Other Considerations

Streaming Support

Current Status: CBAI supports streaming (stream: true), but cbapp doesn't currently use streaming.

Impact: None for current implementation.

Future: Could improve UX with streaming responses in chat interface.

Model Selection

CBAI Defaults: - Ollama: mistral-small3.2:latest - Claude: claude-sonnet-4-5-20250929

cbapp Current: - Claude: claude-sonnet-4-20250514 - Ollama embed: nomic-embed-text:latest

Note: Model versions differ slightly - verify compatibility during testing.


Rollback Plan

If issues occur after enabling CBAI:

  1. Immediate: Set CBAI_ENABLED=false in .env
  2. Restart: sudo systemctl restart {tenant}-api
  3. Verify: Check /api/cb-chat/health returns anthropic_configured: true

No code changes required - adapter automatically routes to direct calls.


Success Metrics

Metric Target Measurement
Response latency ≤10% increase Compare CBAI vs direct timing
Error rate ≤1% Monitor CBAI health endpoint
User experience No change No UI/behavior differences
Token accuracy 100% match Compare usage tracking

Timeline

Phase Duration Deliverable
1. Module creation 1 day src/lib/cbai/ implemented
2. Adapter integration 1 day Integration points updated
3. Testing 2 days Unit + integration tests passing
4. Testsite rollout 1 week Monitoring on testsite
5. Full rollout 1 day All tenants enabled

Questions for AI Team

  1. Tool Use: Can CBAI be extended to support Anthropic's tool use format?
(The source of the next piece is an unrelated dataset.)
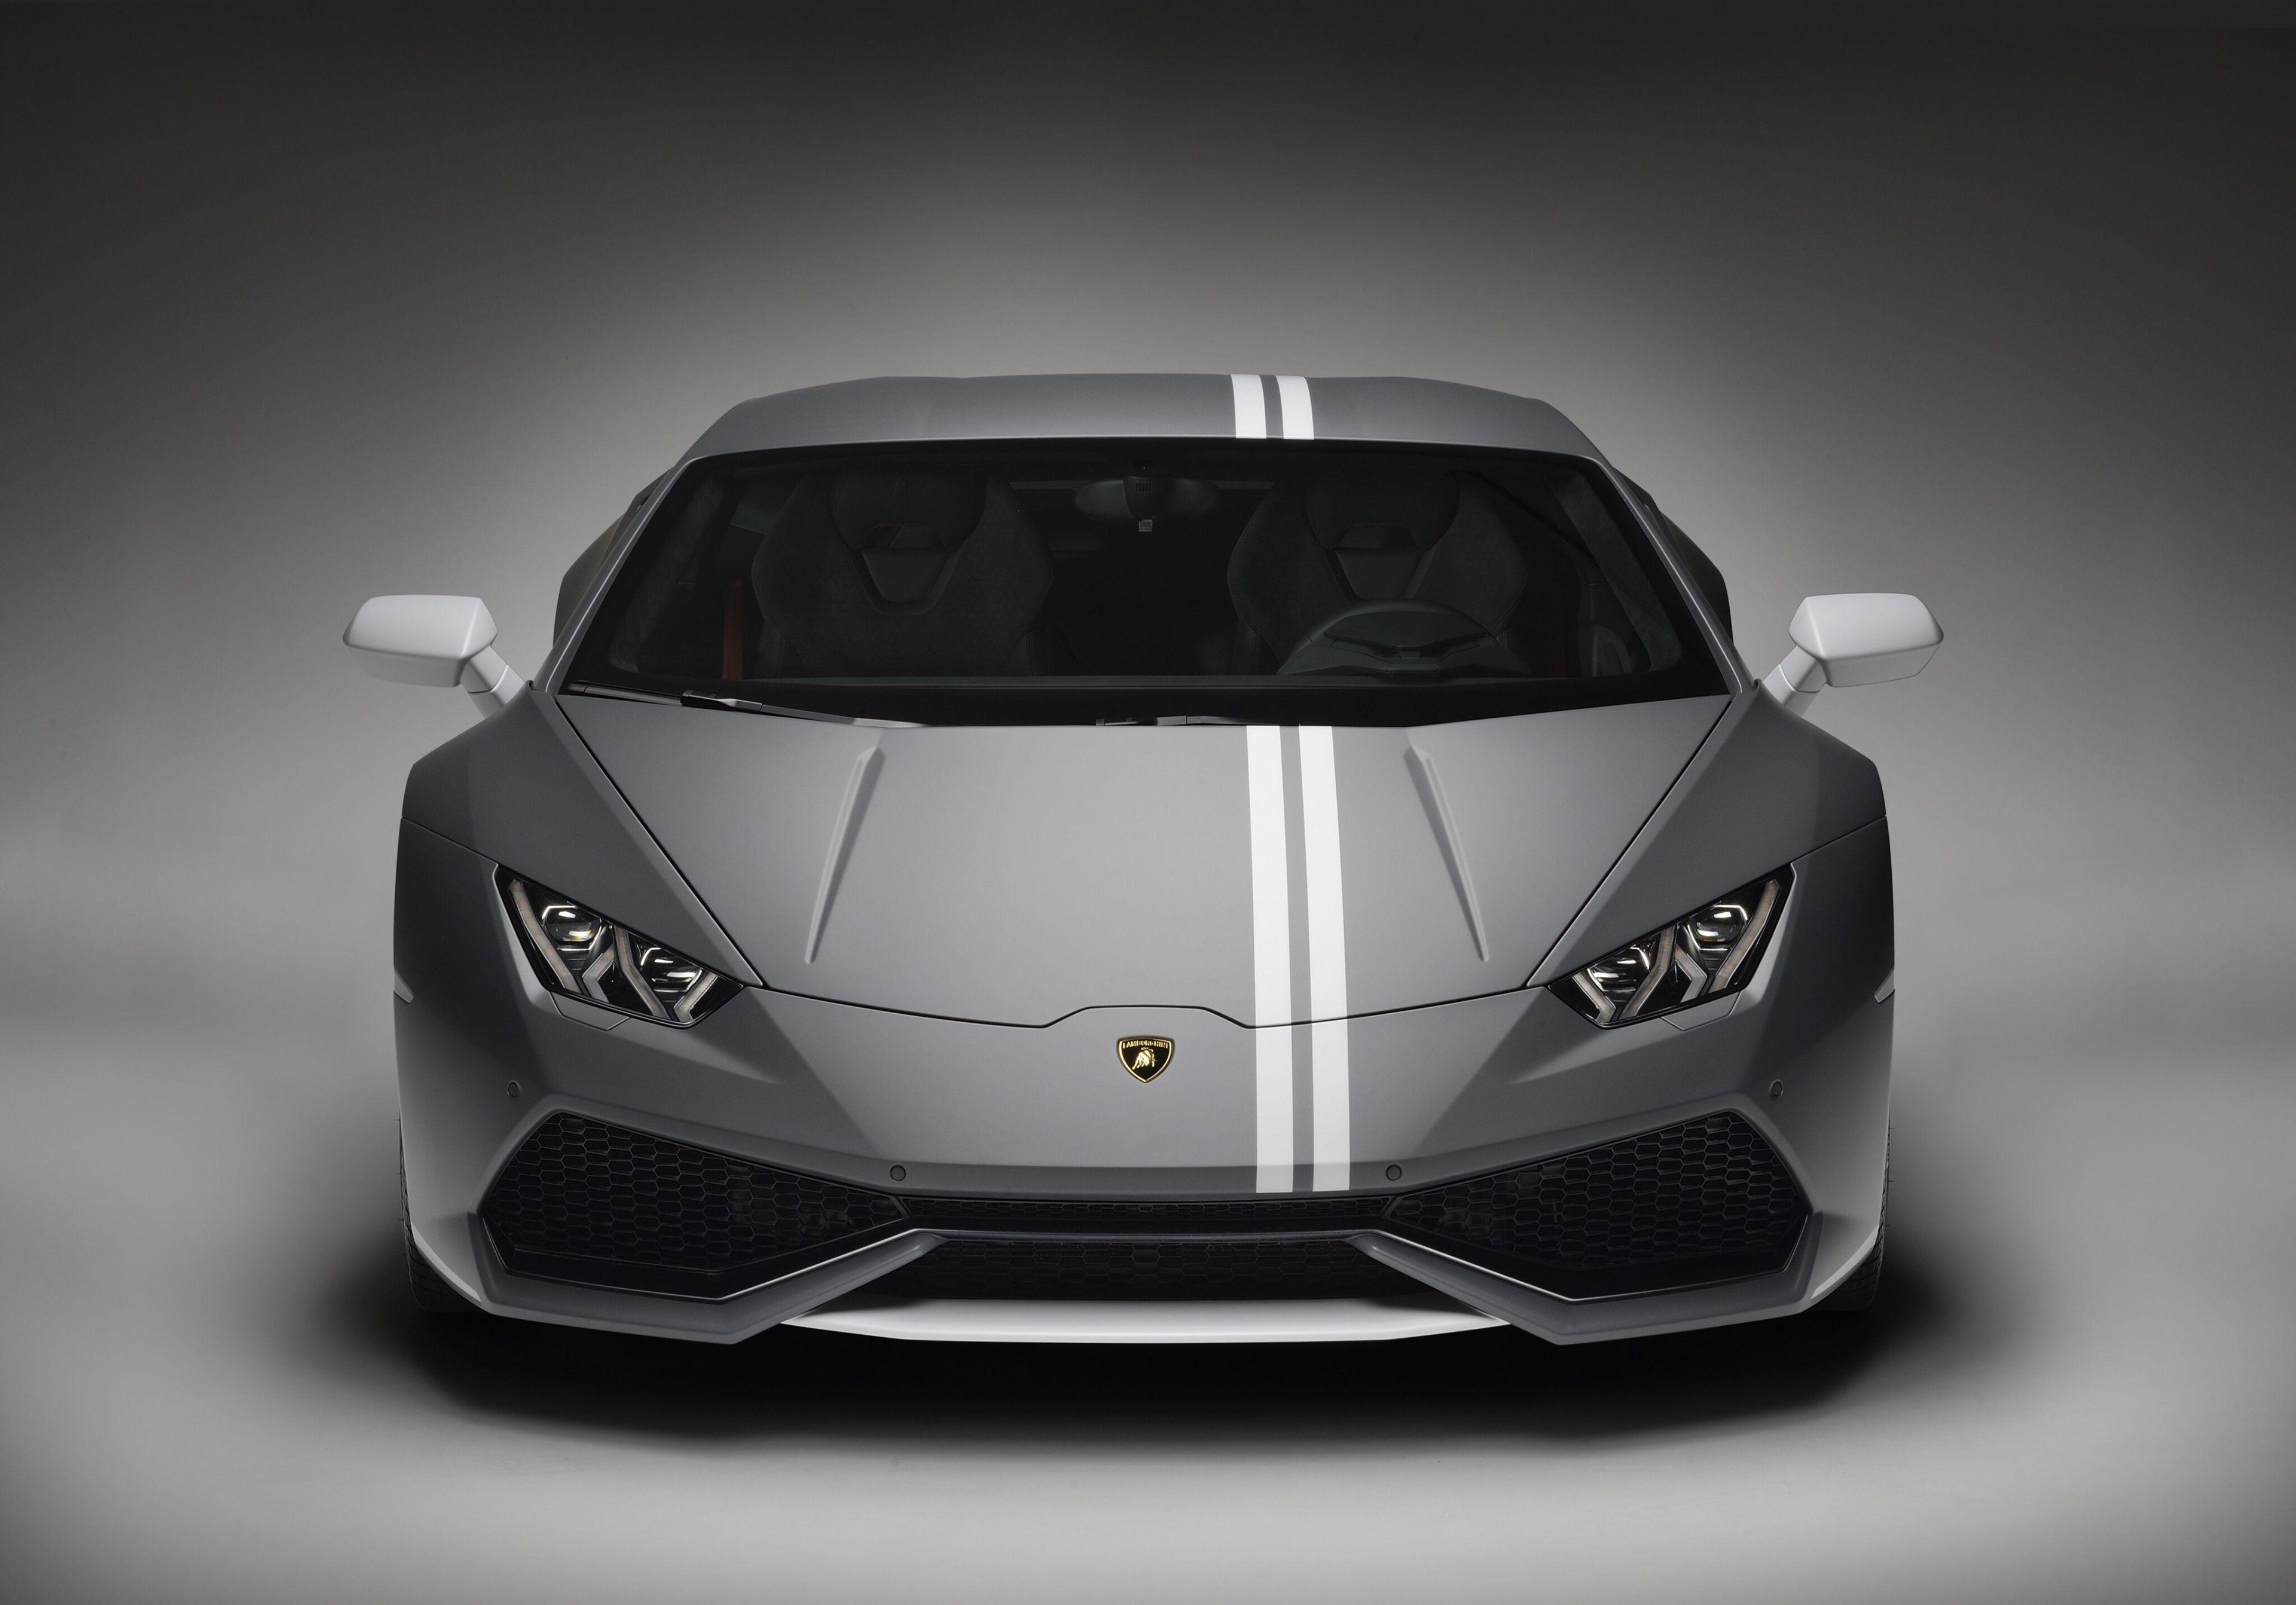 3840x2685 Lamborghini Huracn Lp 610 4 Avio 4k Wallpaper Pc

ANSWERED: Yes! /api/v1/chat/tools fully supports it!
  2. Authentication: Should we add tenant ID headers for usage tracking?
  3. Rate Limits: Are there per-tenant or global rate limits?
  4. SLA: What's the expected uptime for ai.nominate.ai?
  5. Model Updates: How will model version updates be communicated?


This plan enables incremental adoption of CBAI while maintaining full backward compatibility. The user experience remains unchanged, but infrastructure becomes more manageable.